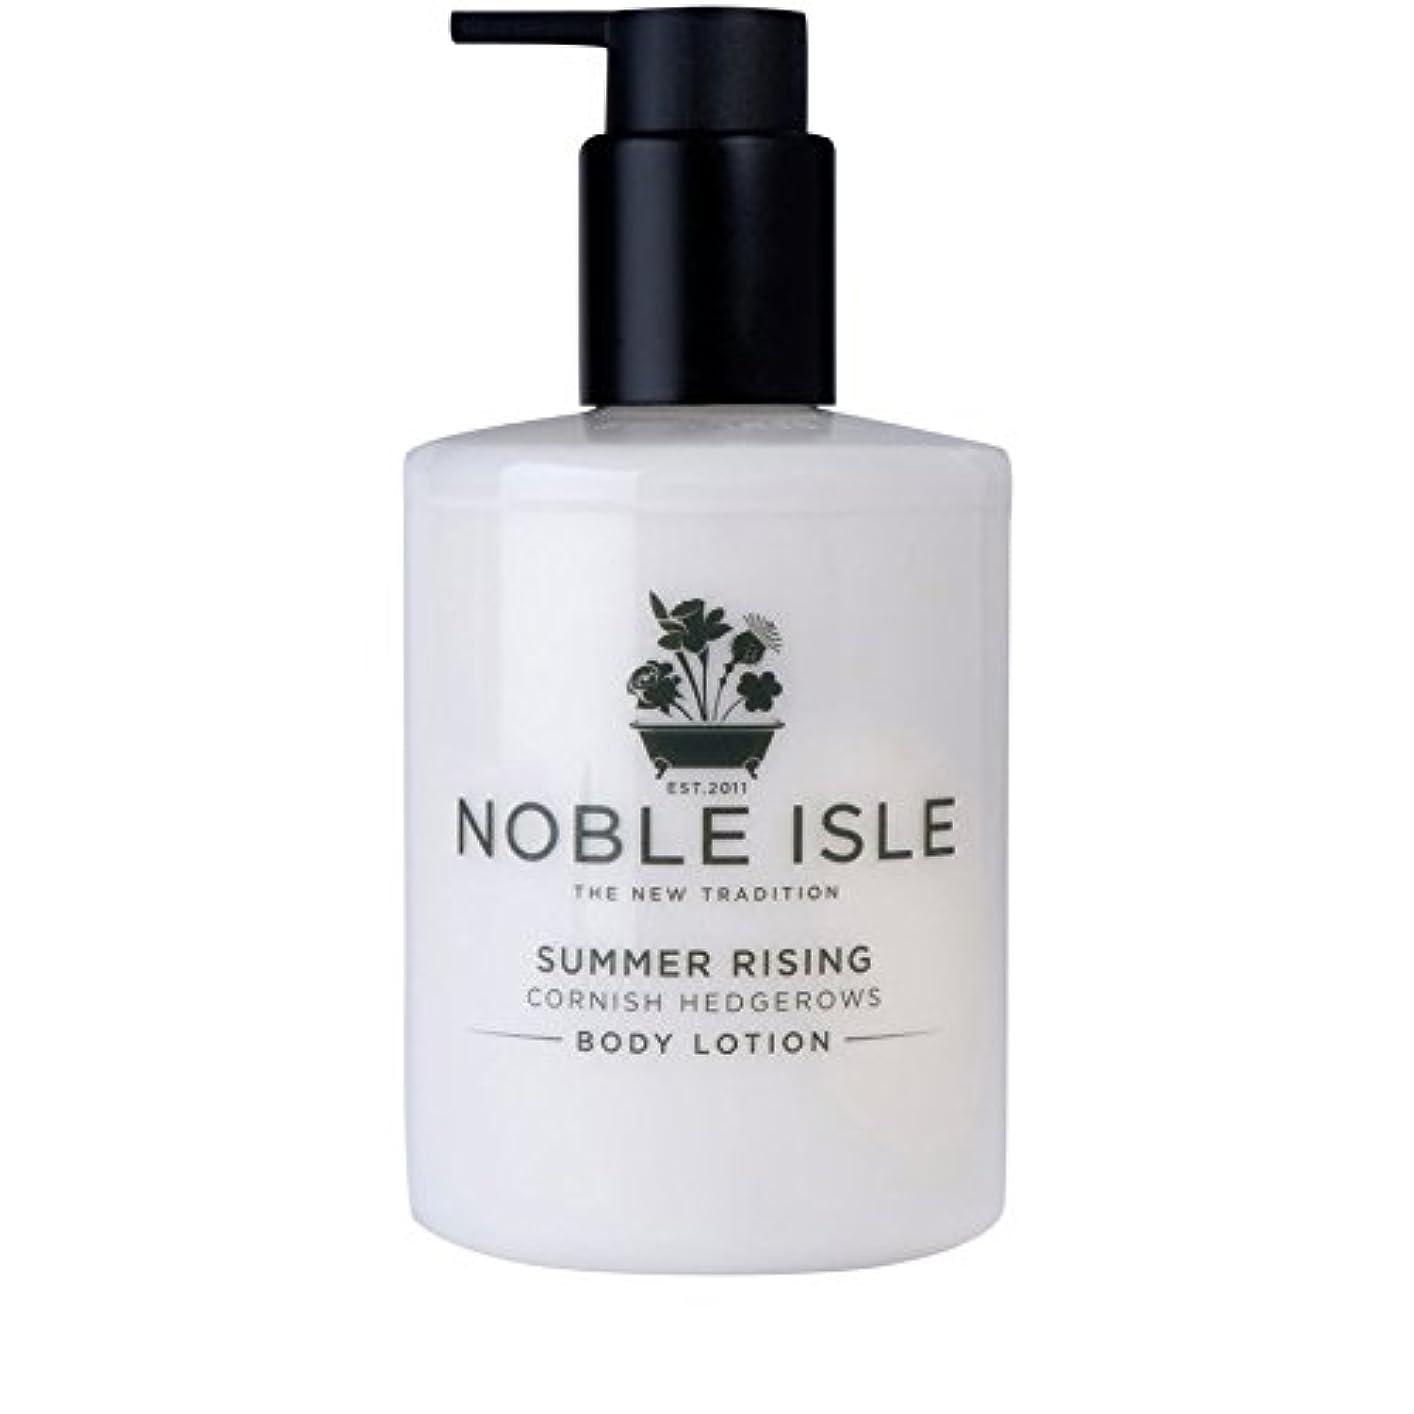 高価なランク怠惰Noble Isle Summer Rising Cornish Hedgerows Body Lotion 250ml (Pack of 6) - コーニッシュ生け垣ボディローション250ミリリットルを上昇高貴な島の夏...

· · · · ·

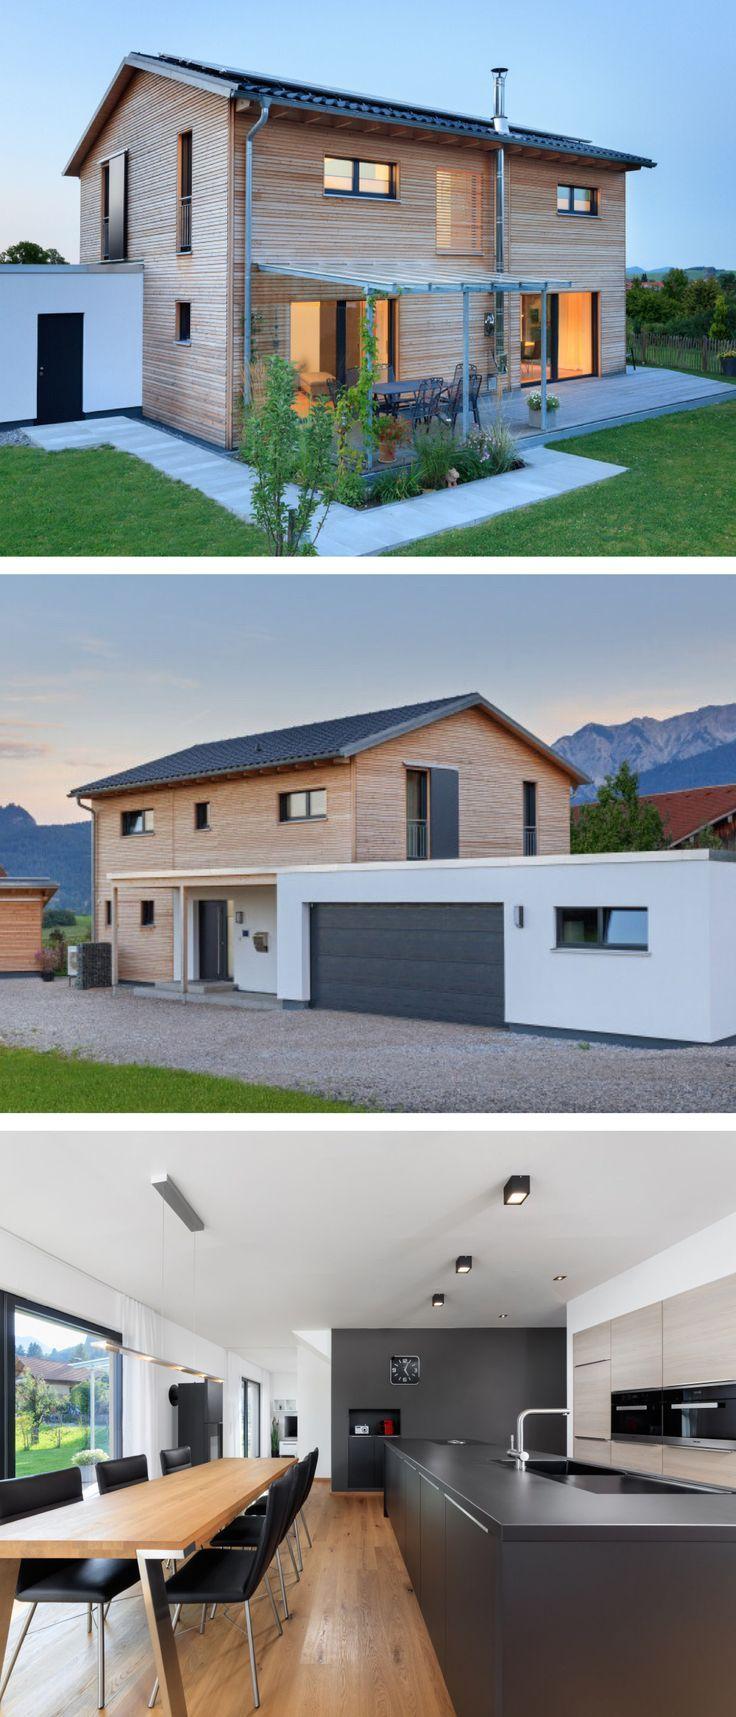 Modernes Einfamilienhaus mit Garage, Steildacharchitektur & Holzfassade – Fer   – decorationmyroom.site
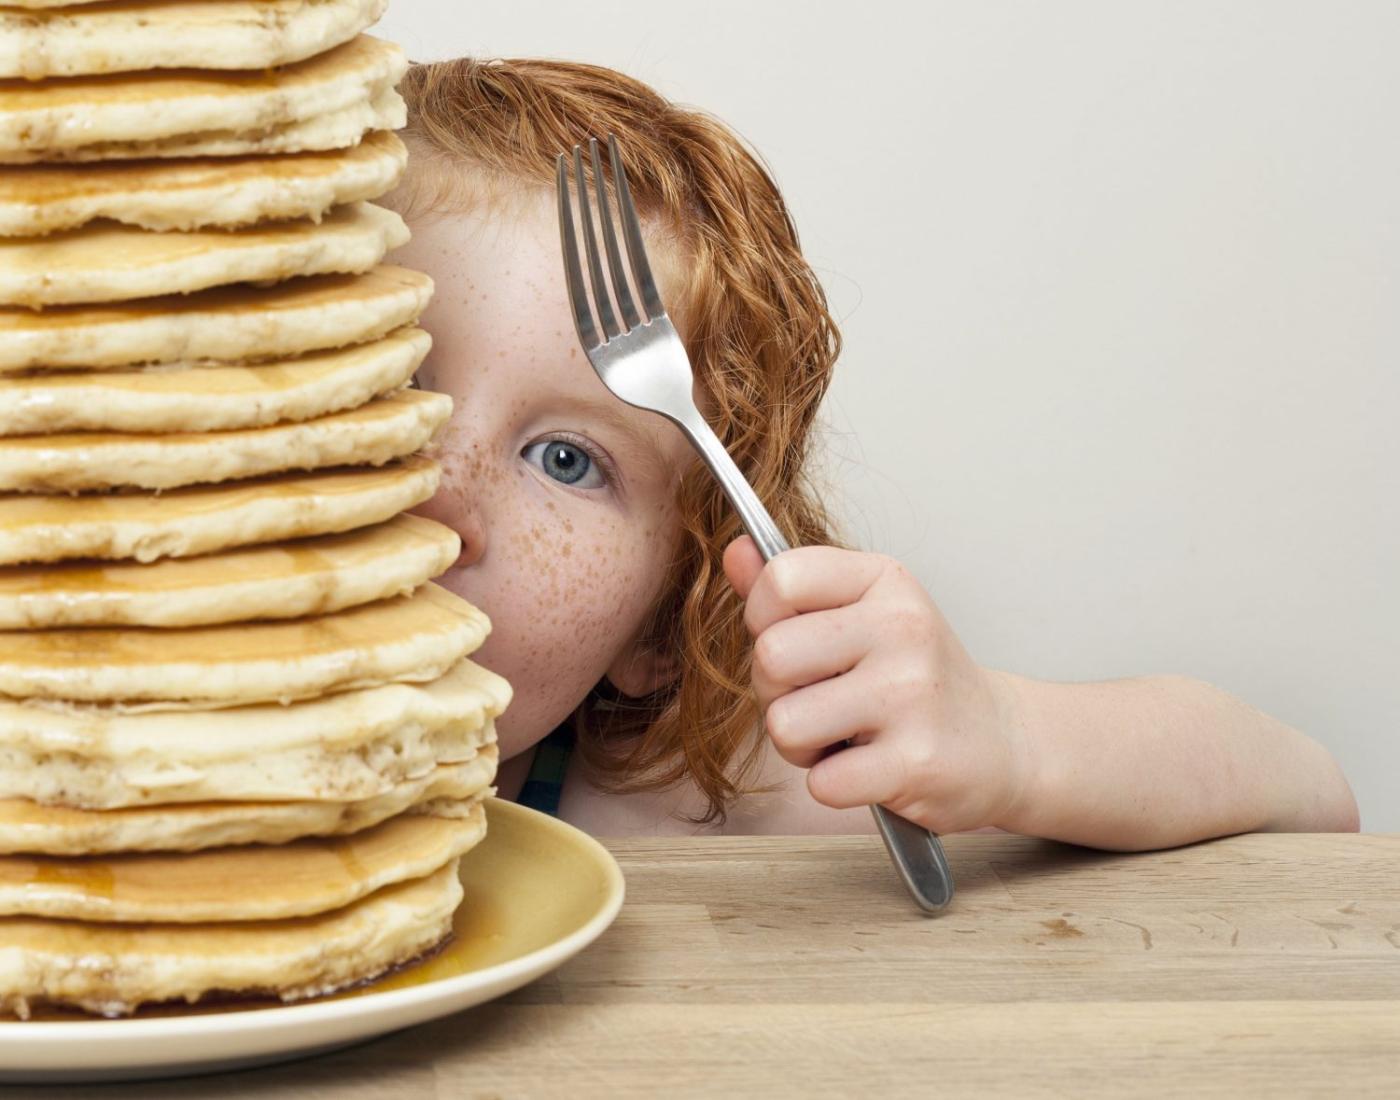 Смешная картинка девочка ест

· · · · ·

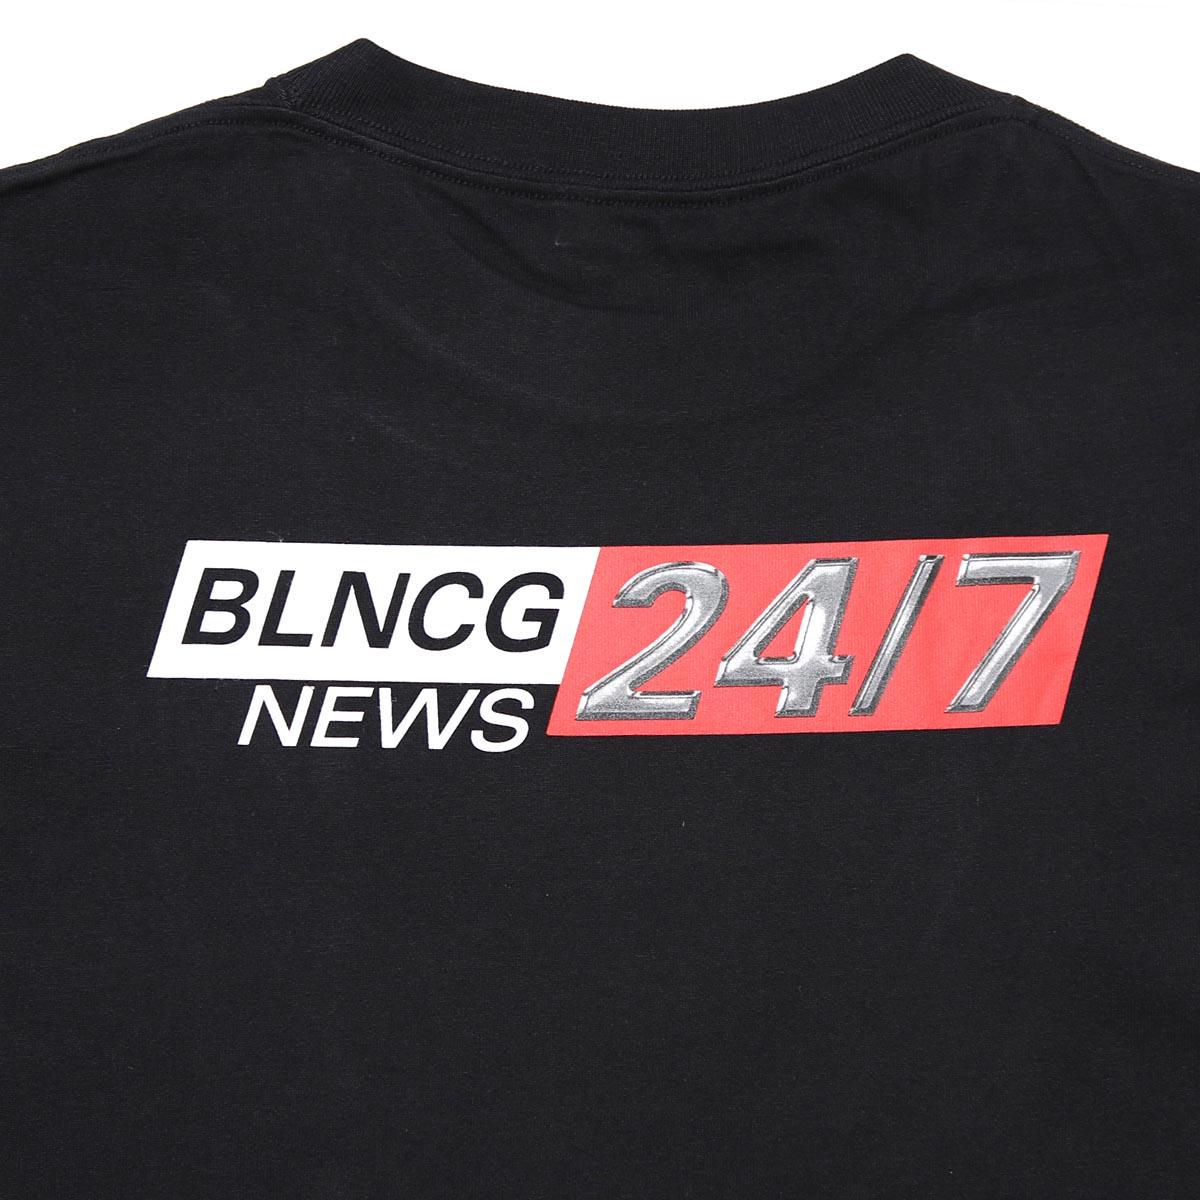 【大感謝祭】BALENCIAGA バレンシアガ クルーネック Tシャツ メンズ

· · · · ·

- **REQUIRED WORK**: Output exactly the lines above, beginning at the one with "Modernes Einfamilienhaus mit" and stopping after the one with "Смешная картинка девочка ест". Pictures are to be omitted.

- **EXERCISE ANSWER**:
 Modernes Einfamilienhaus mit Garage, Steildacharchitektur & Holzfassade – Fer   – decorationmyroom.site
 Смешная картинка девочка ест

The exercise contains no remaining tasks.